DATA EXCERPT below:

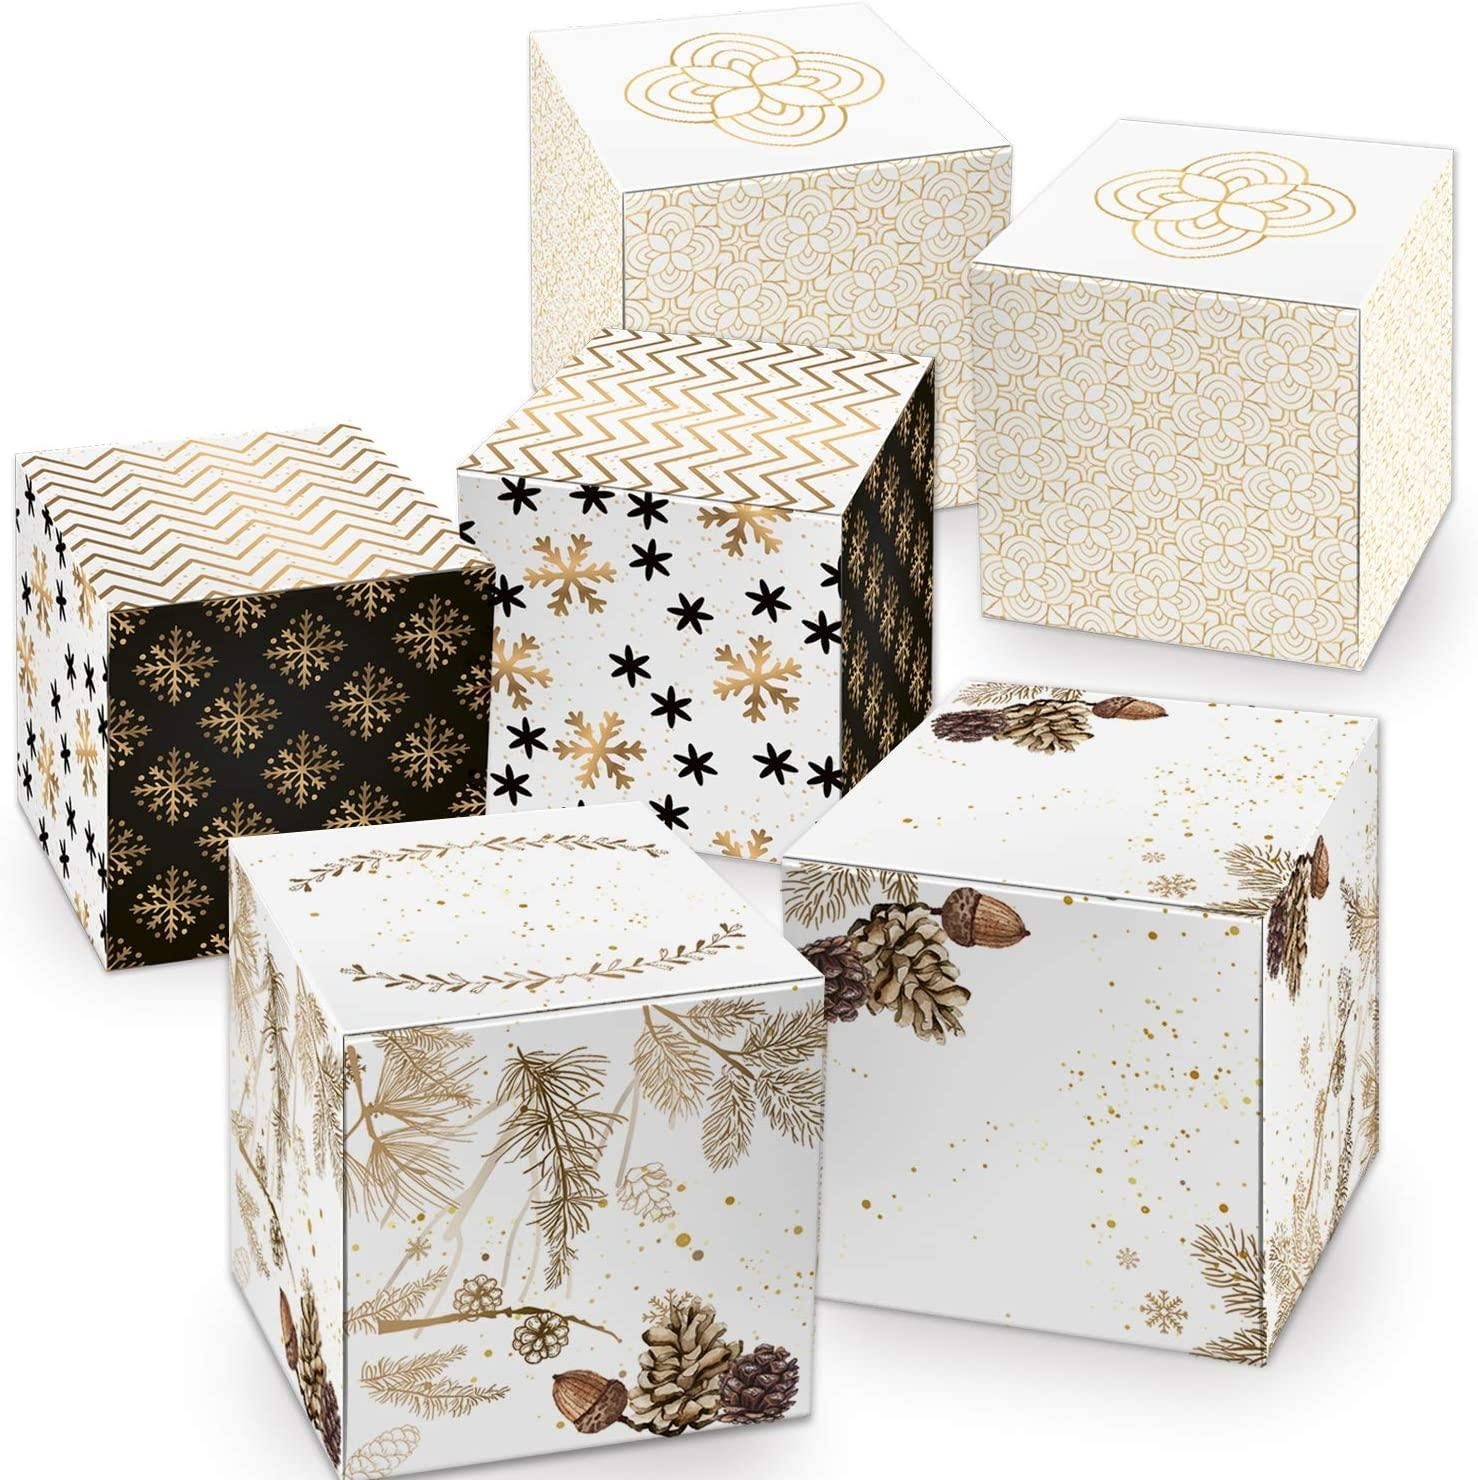 Logbuch-Verlag Geschenkbox Geschenkboxen Set 3 x 5 in gold weiß schwarz
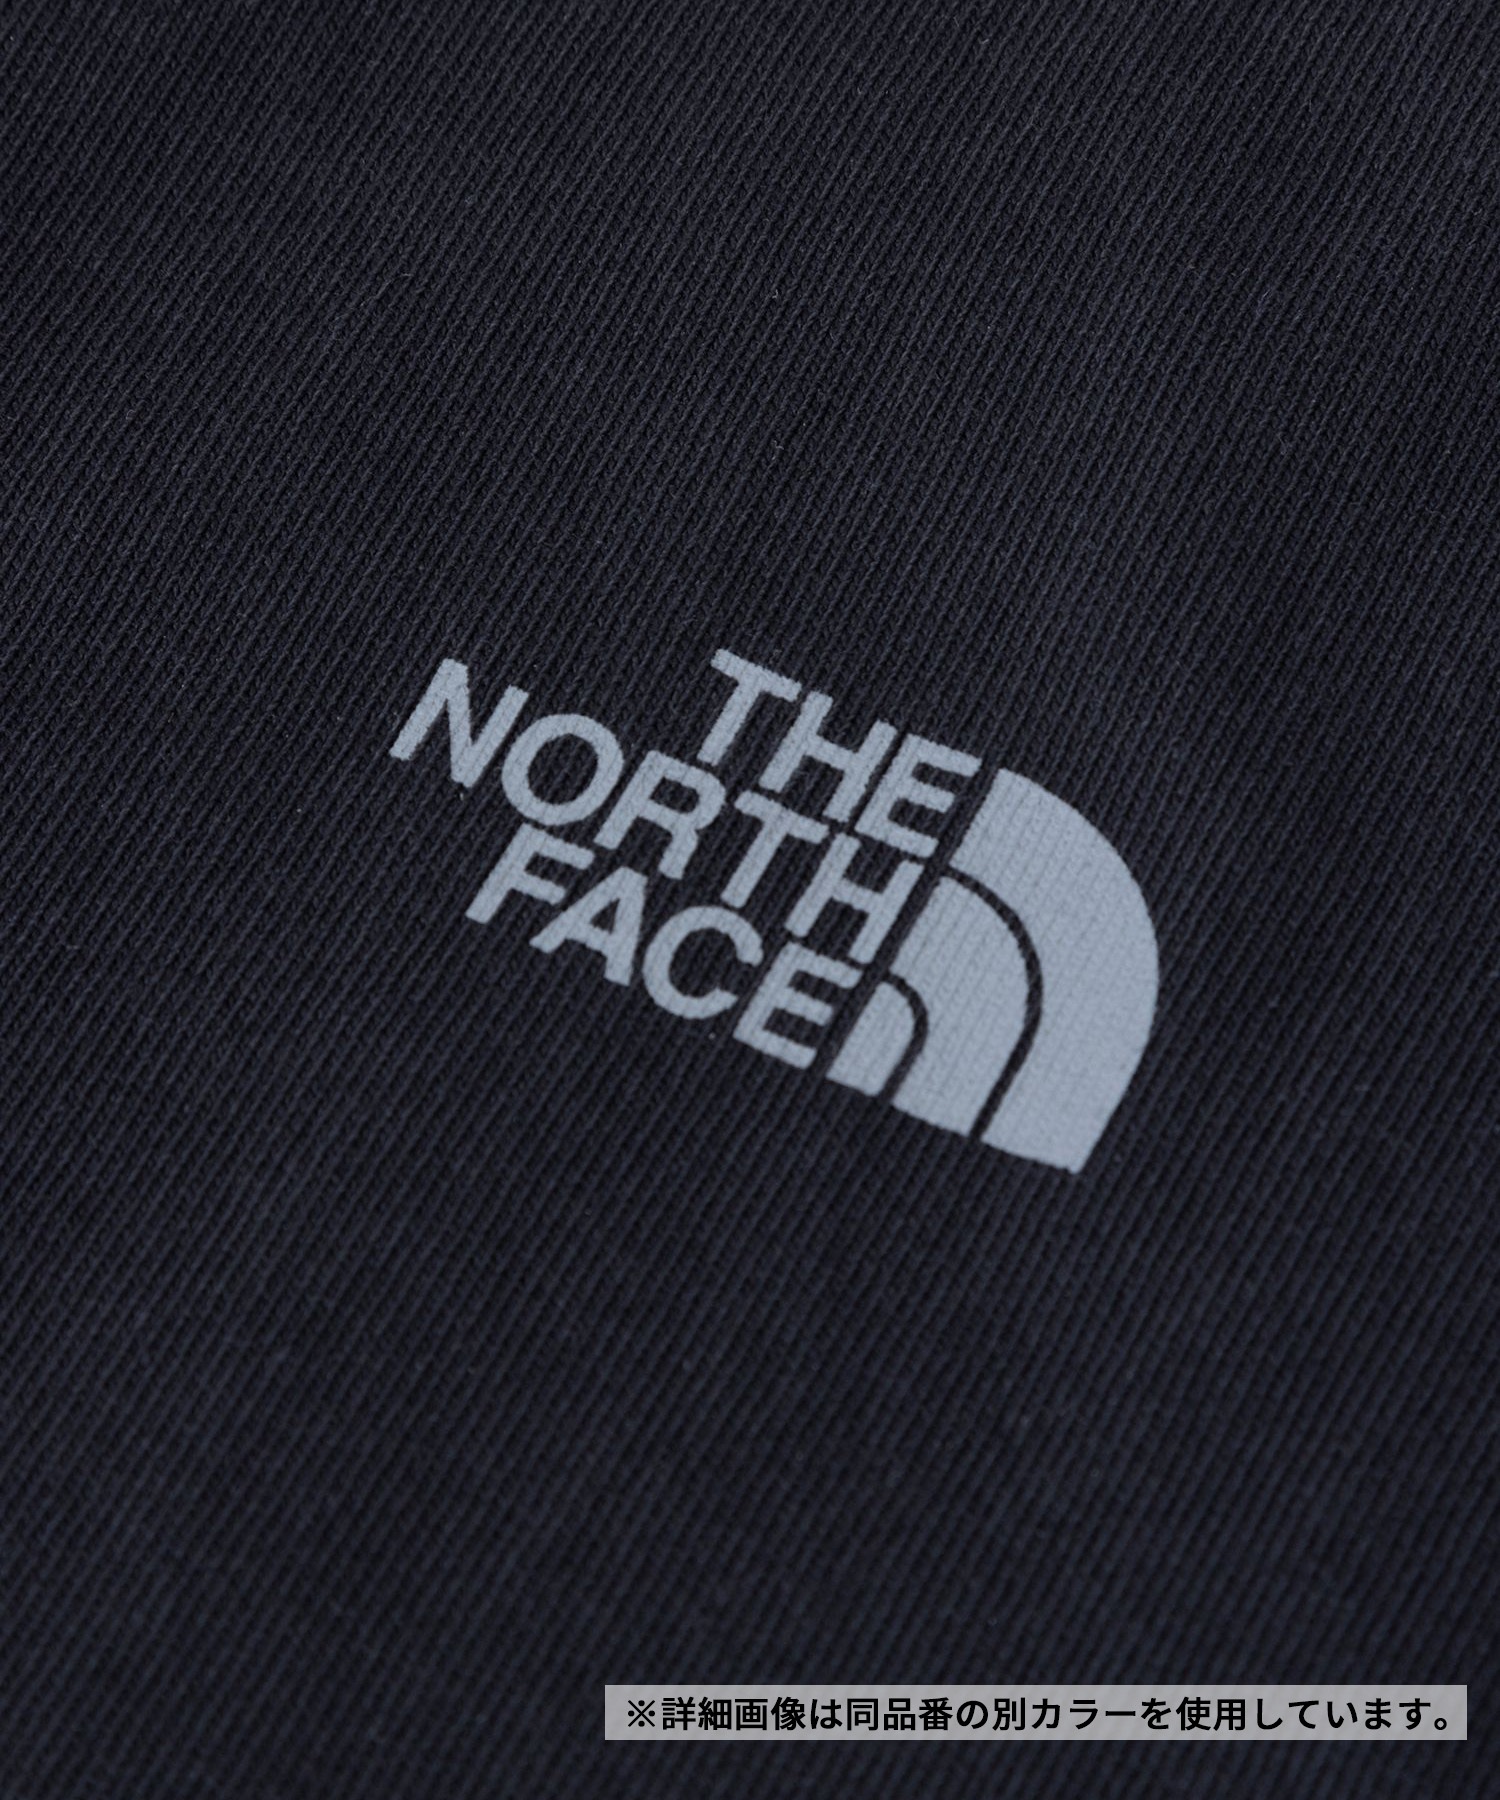 THE NORTH FACE ザ・ノース・フェイス メンズ Tシャツ 半袖 ショートスリーブデーフローティー NT32452 OW(OW-M)
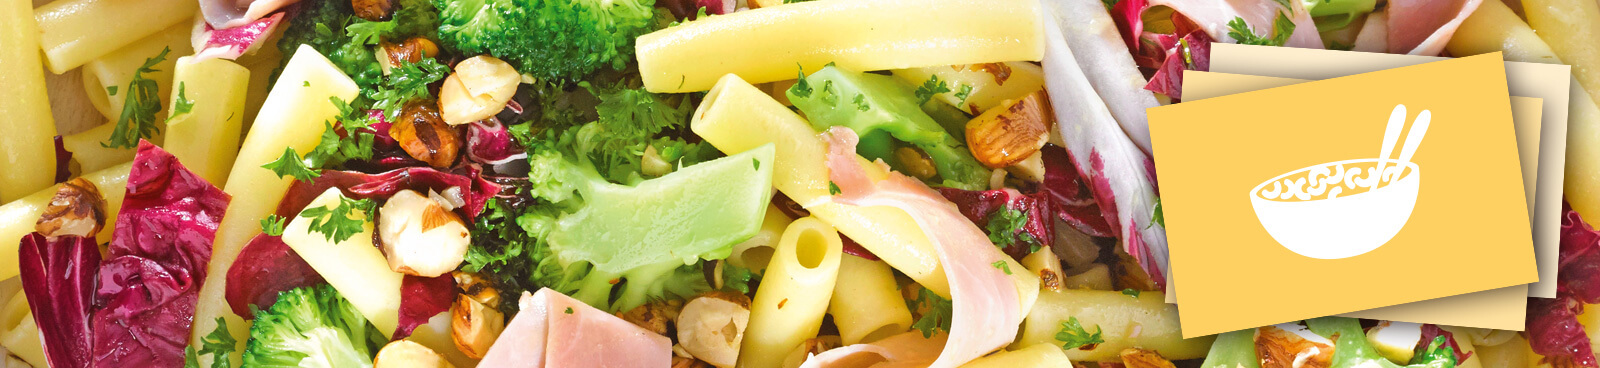 Leckerer Nudelsalat von Tress mit frischem Gemüse, Nüssen und Schinken
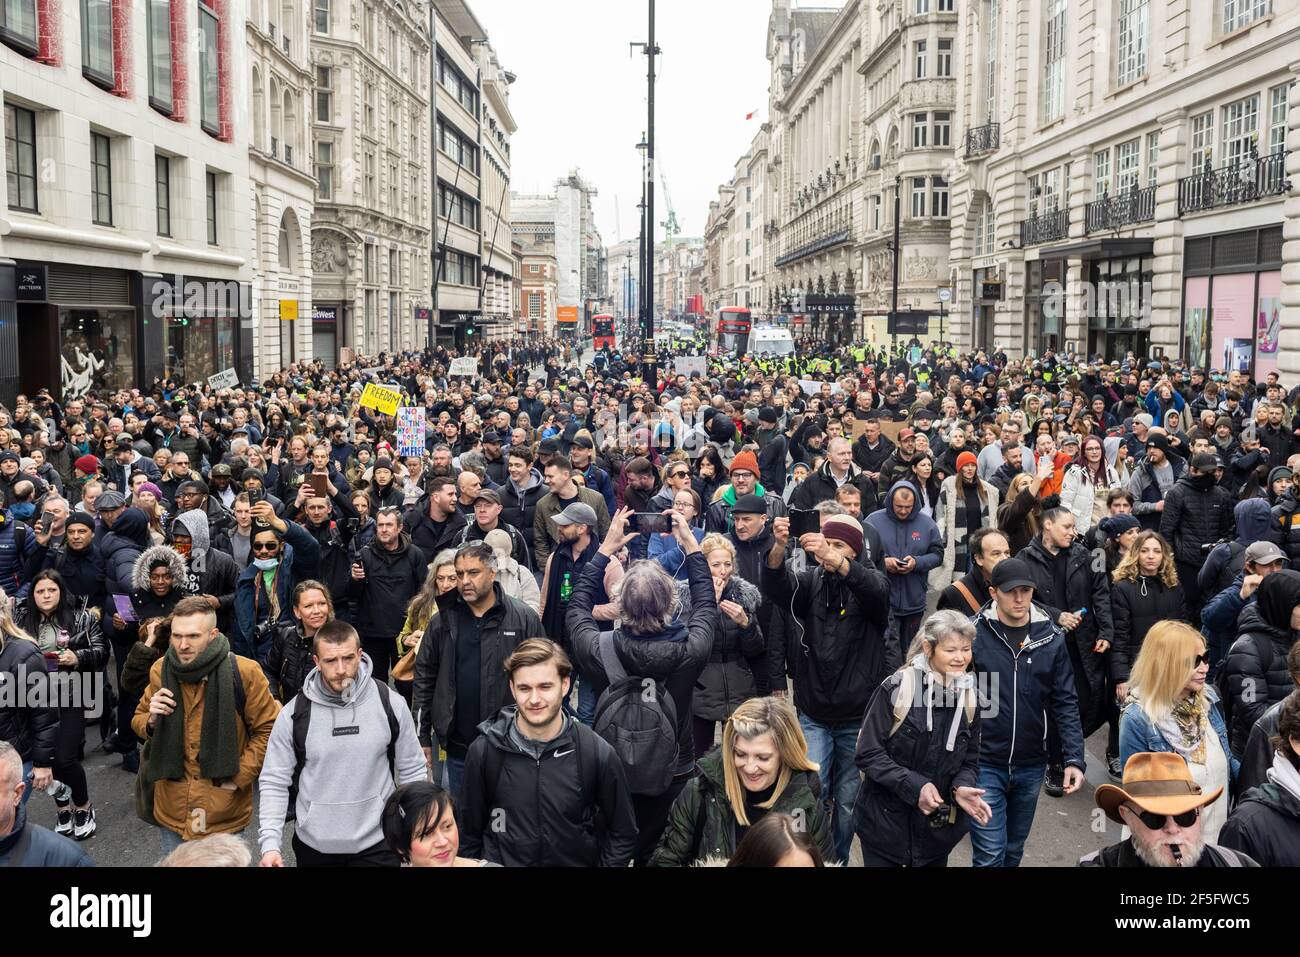 Manifestation contre le confinement et la vaccination contre Covid-19, Londres, 20 mars 2021. Foule de manifestants en marche. Banque D'Images

End of DATA EXCERPT.

--- WHAT YOU ARE ASKED TO DO ---
Only the pictures in the listing above get left out; print everything else exactly.

--- ANSWER BOX ---
 Logbuch-Verlag Geschenkbox Geschenkboxen Set 3 x 5 in gold weiß schwarz
 THE NORTH FACE ザ・ノース・フェイス メンズ Tシャツ 半袖 ショートスリーブデーフローティー NT32452 OW(OW-M)
 Leckerer Nudelsalat von Tress mit frischem Gemüse, Nüssen und Schinken
 Manifestation contre le confinement et la vaccination contre Covid-19, Londres, 20 mars 2021. Foule de manifestants en marche. Banque D'Images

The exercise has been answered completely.